Lyme Disease in Horses Treatment Options

Lyme Disease in HorsesWhether Lyme disease in horses occurs was once a topic for debate, however it does happen. The deer tick carries the bacteria which causes Lyme disease in dogs, humans, and horses, and is most often found on the east coast—especially in New England.

It is often difficult to diagnose Lyme disease in horses symptoms include lameness not brought on by level of work, shifting from one leg to another, avoidance of activity, and behavioral changes. There are also some flu-like symptoms such as fever. However, only ten percent of cases of Lyme disease in horses show noticeable symptoms at all!

Equine veterinary offices can test for Lyme disease in horses, though there are currently few tests that can be done. From there, most horses respond favorably to treatment, given that the correct diagnosis was made. Antibiotics given either in pill form or intravenously will give positive results.

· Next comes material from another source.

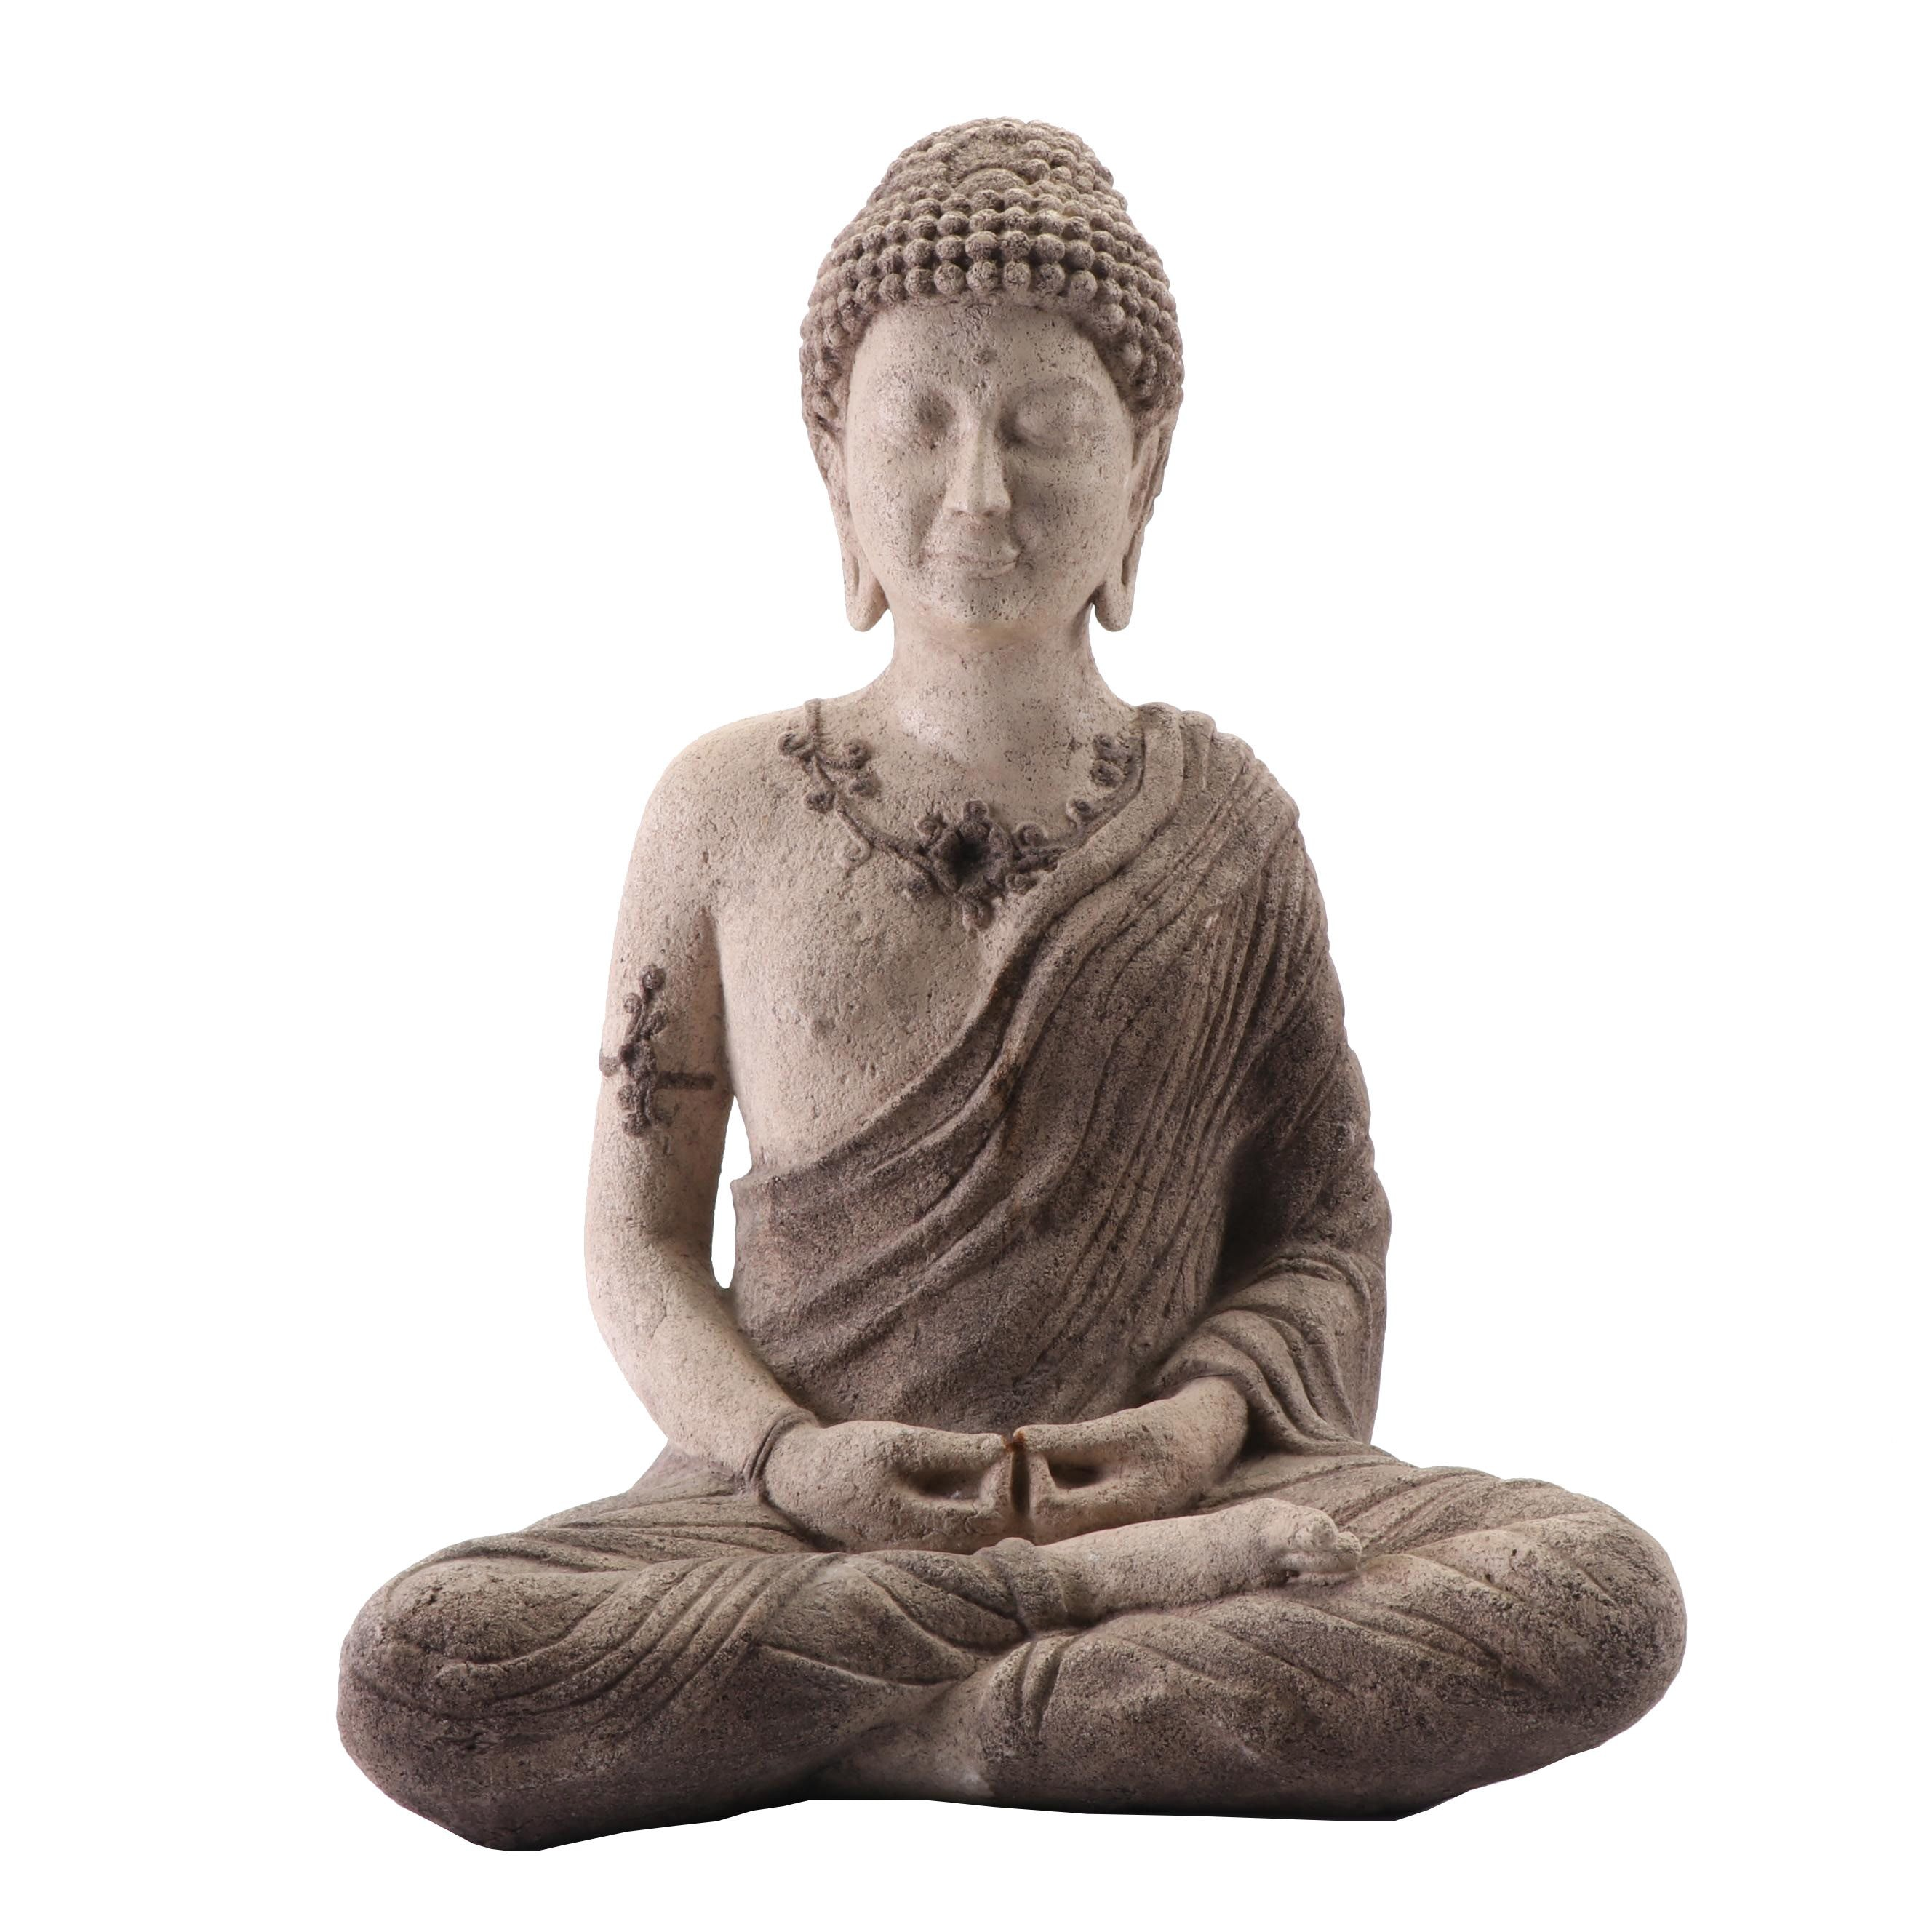 Seated Buddha Cast Plaster Sculpture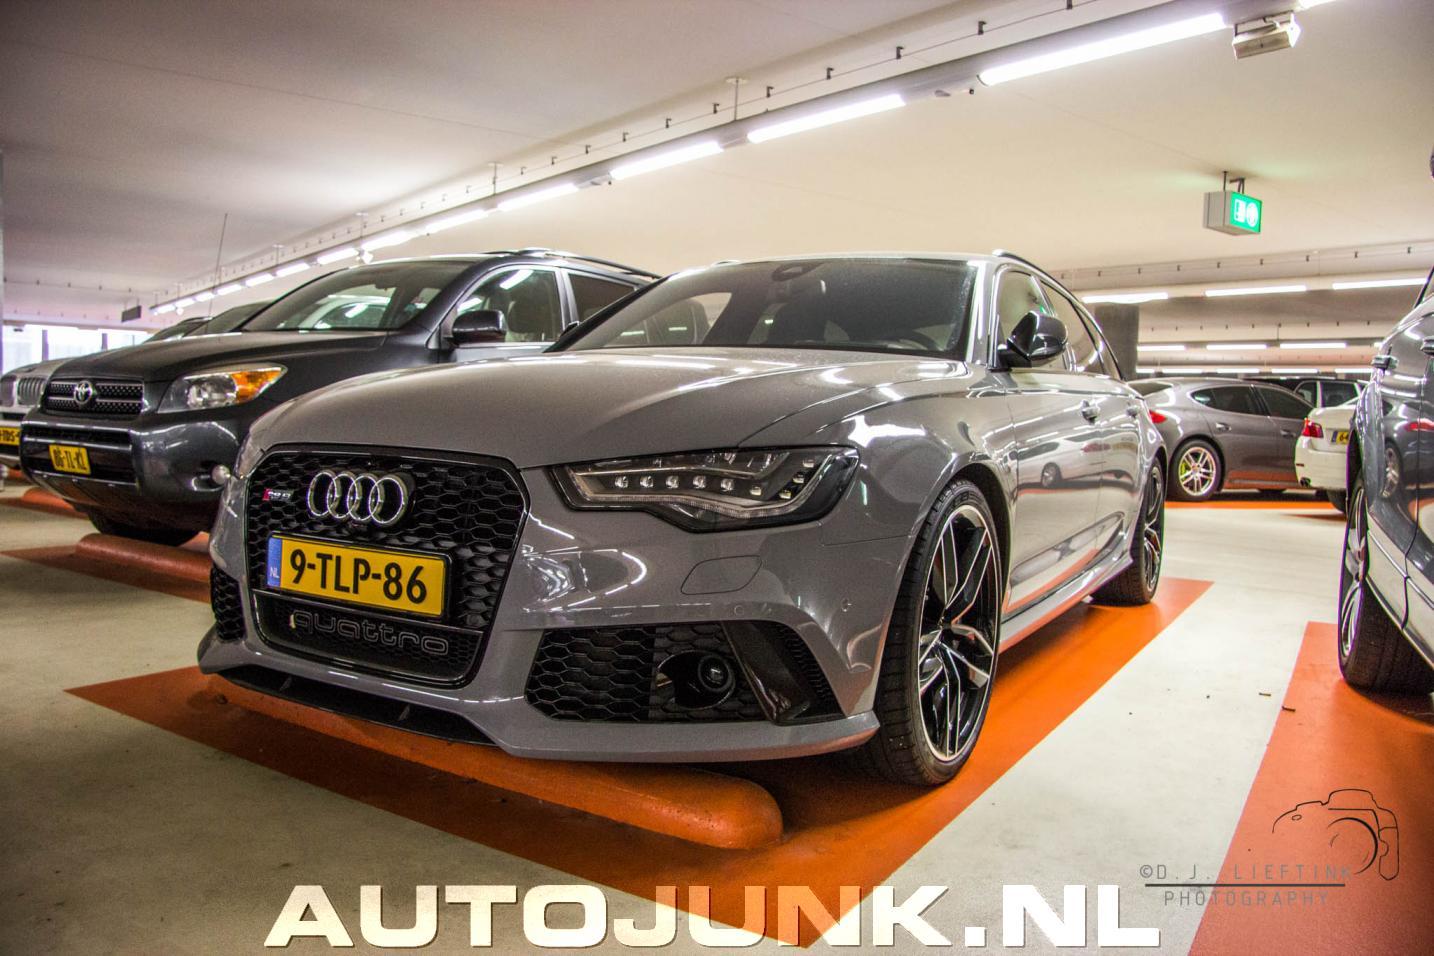 Audi RS6 C7 In Nardo Grey Fotos Autojunknl 115589

Some homeopathic veterinarians claim that ledum for Lyme disease in horses is quite effective. Of course, when treating Lyme disease in horses or any other possible affliction, you should speak to your veterinarian before treating at home.

So far, the best treatment is prevention. When a horse lives in an area known for deer ticks, it is important to carefully groom it. Ticks found should be removed very cautiously by pulling upwards with tweezers. If any part of the tick is left within the horse’s skin, this can still transfer bacteria. There are also tick repellents available, so discuss this with your veterinarian.